▶ [The task] The answer must be the lines from the one that holds "White Pearl Sapphire Ring in 14k Rose Gold" through the final line of the data, copied exactly, with no pictures.

▶ [Dataset content]
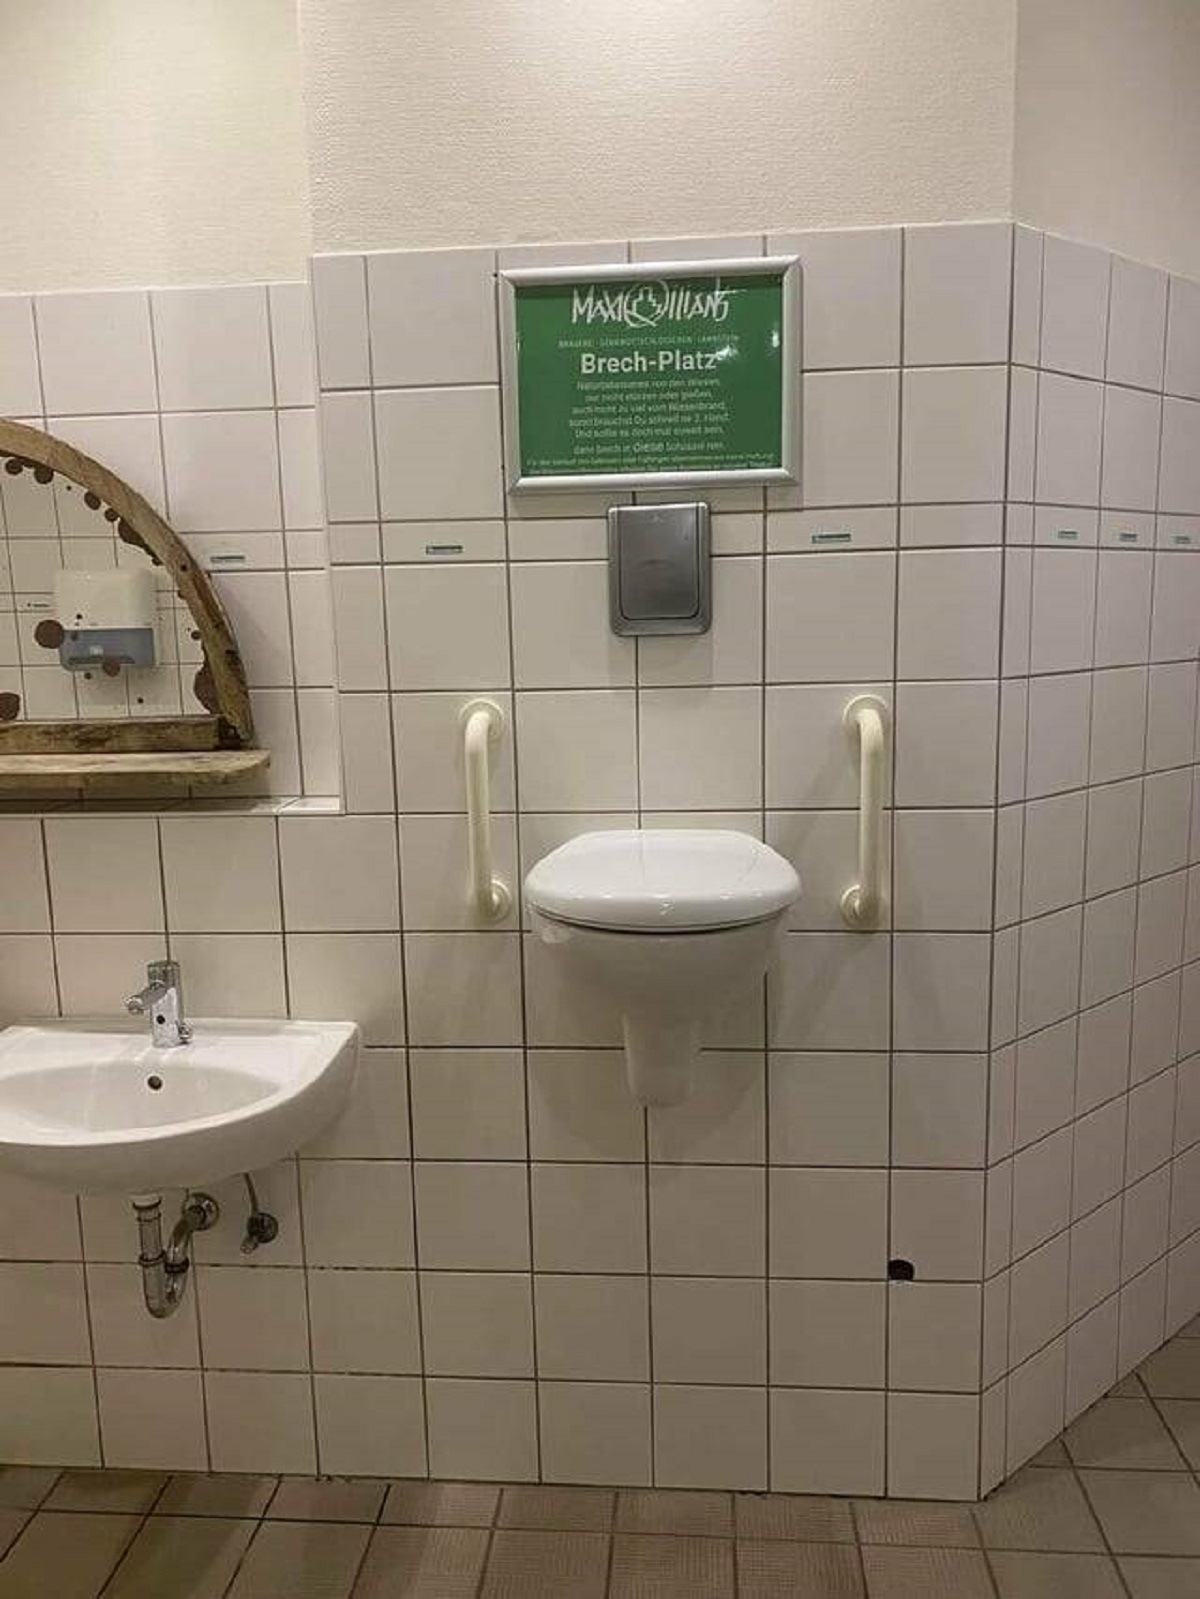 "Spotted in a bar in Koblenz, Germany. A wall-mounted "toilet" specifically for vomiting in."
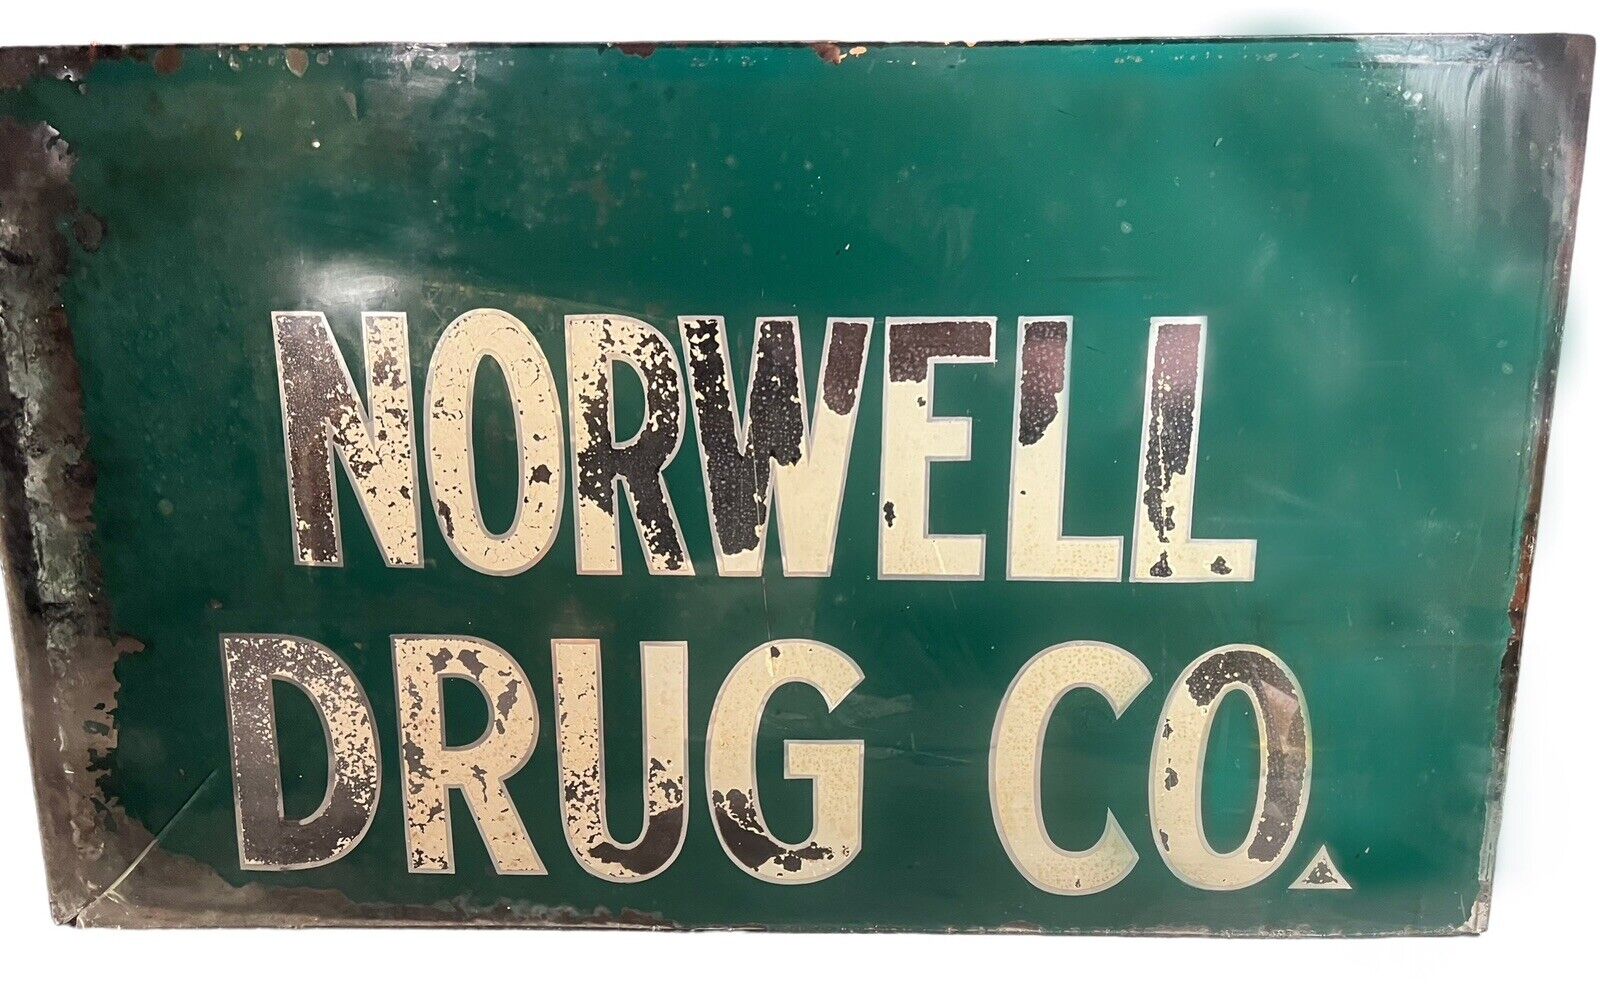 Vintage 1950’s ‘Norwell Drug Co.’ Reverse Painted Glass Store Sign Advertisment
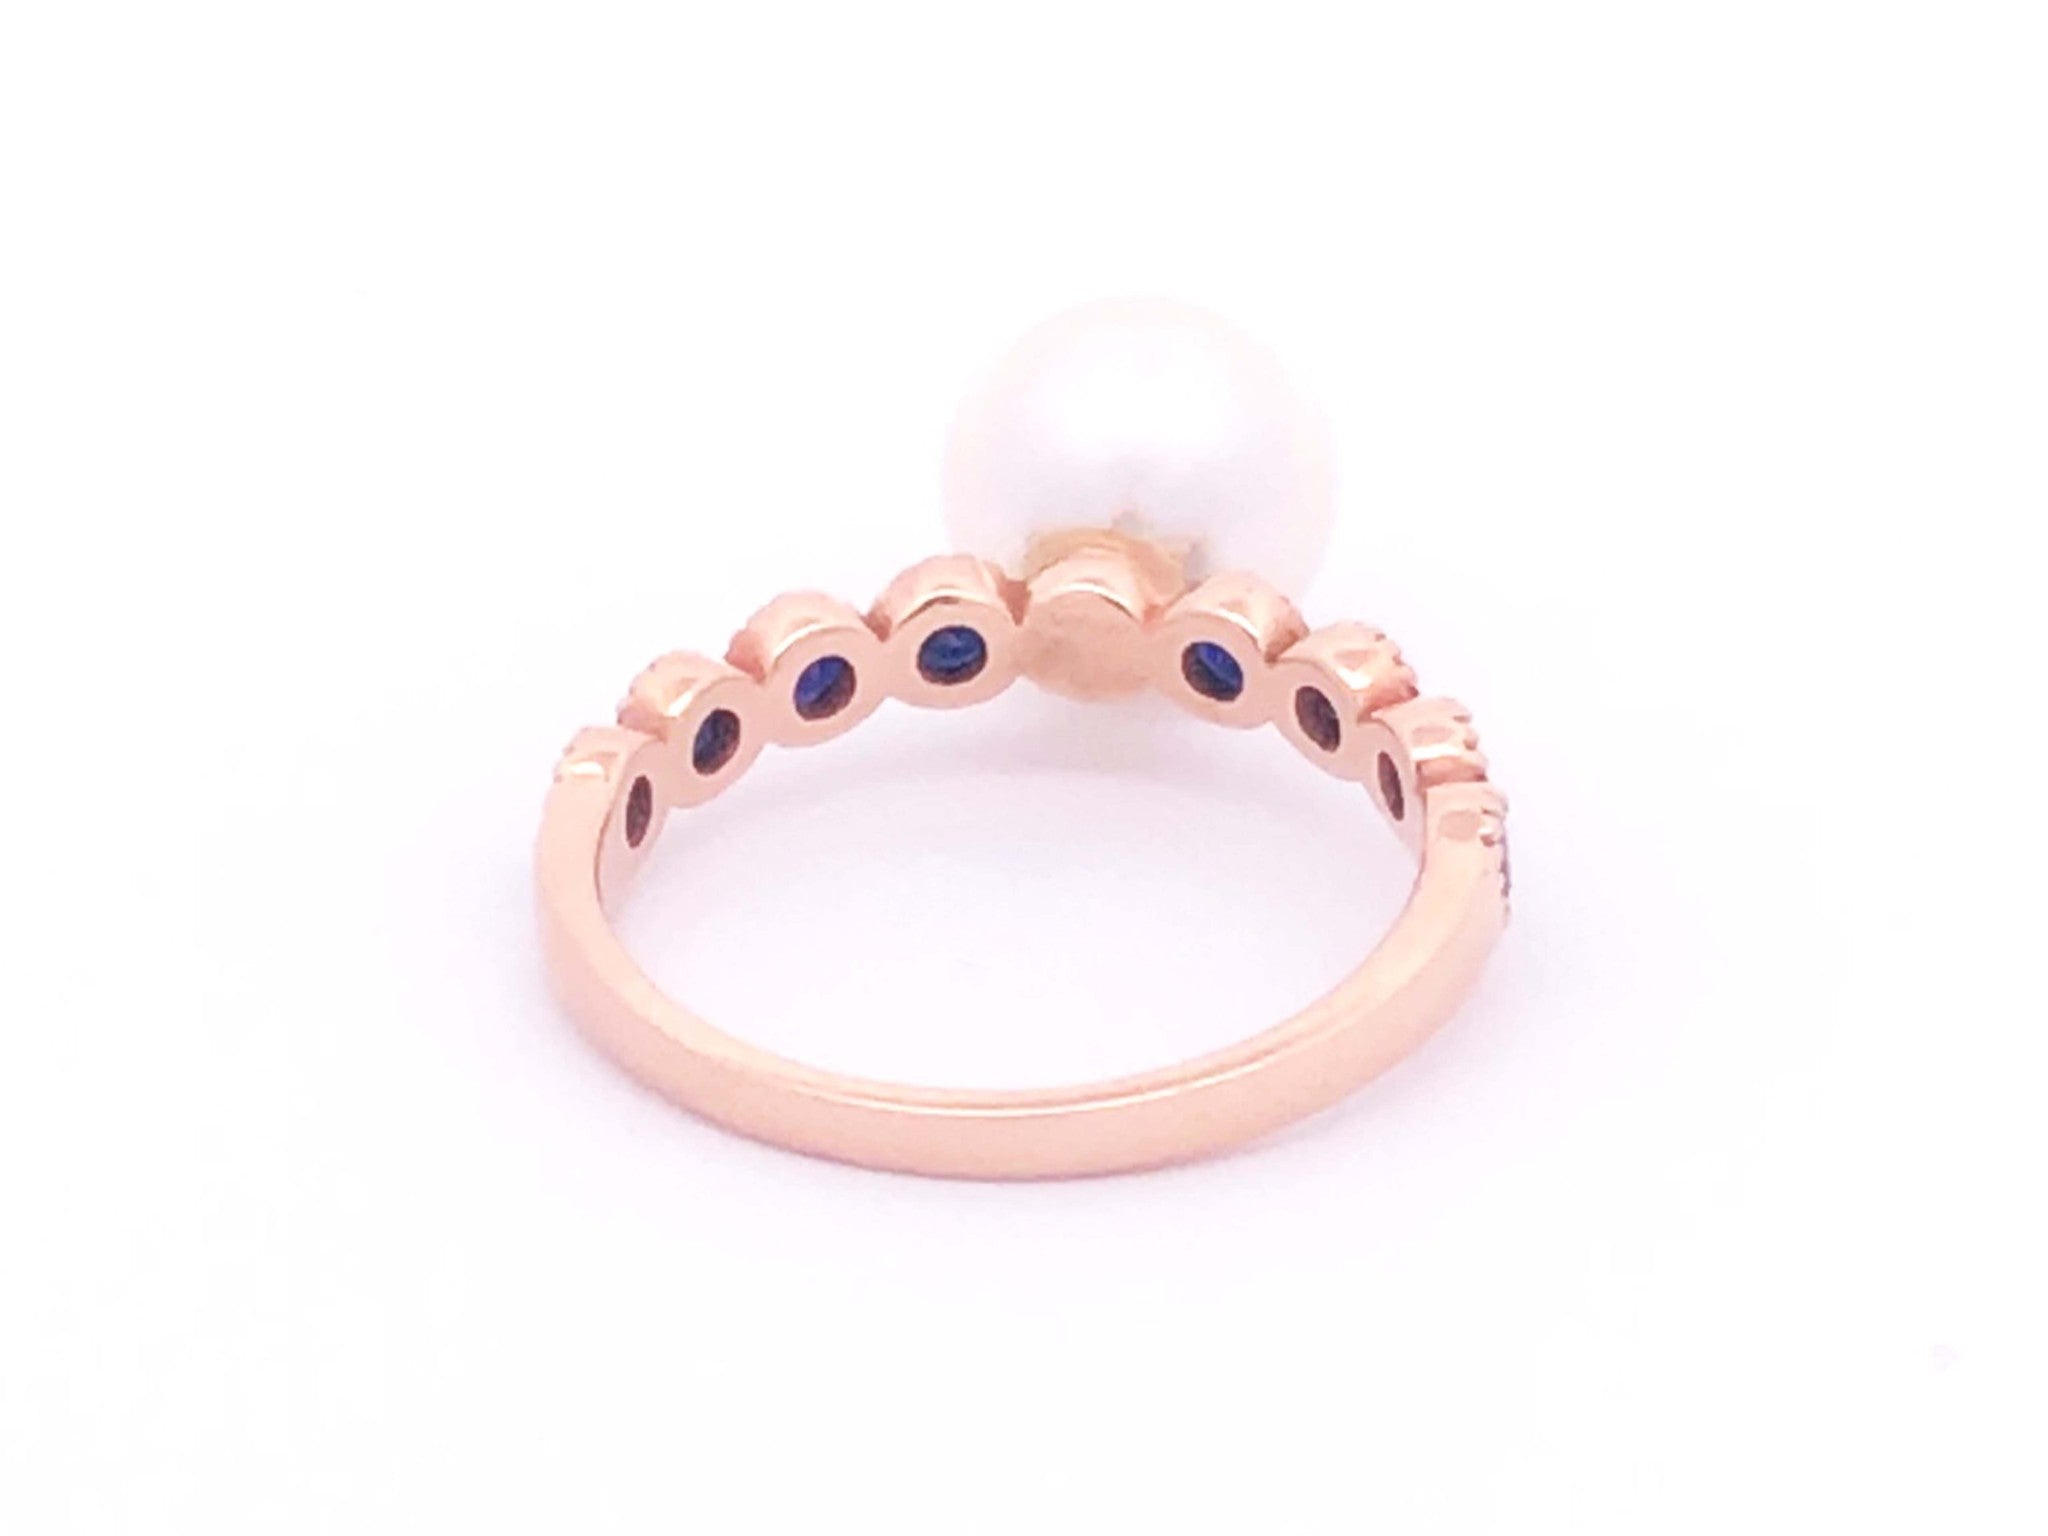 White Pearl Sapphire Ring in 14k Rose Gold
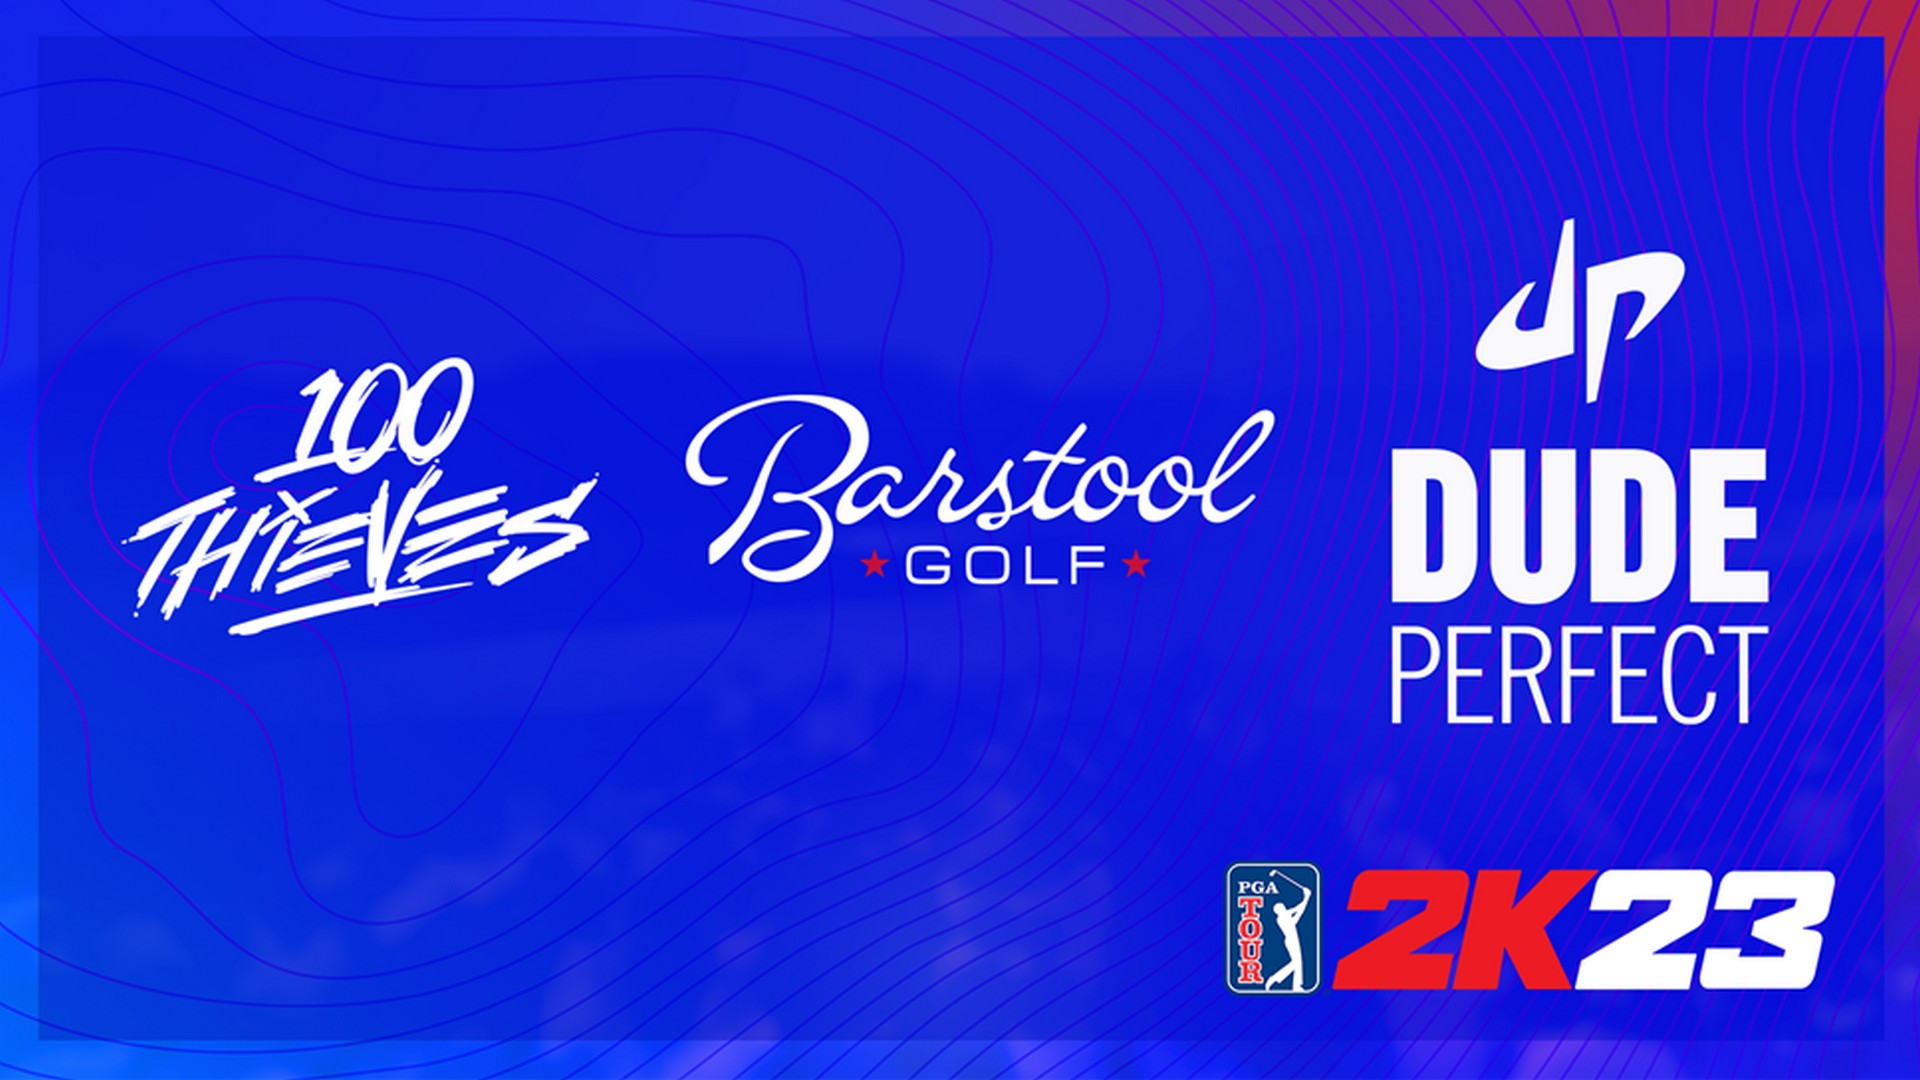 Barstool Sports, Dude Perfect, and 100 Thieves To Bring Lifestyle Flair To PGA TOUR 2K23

▶ [Finished exercise]
 White Pearl Sapphire Ring in 14k Rose Gold
 Barstool Sports, Dude Perfect, and 100 Thieves To Bring Lifestyle Flair To PGA TOUR 2K23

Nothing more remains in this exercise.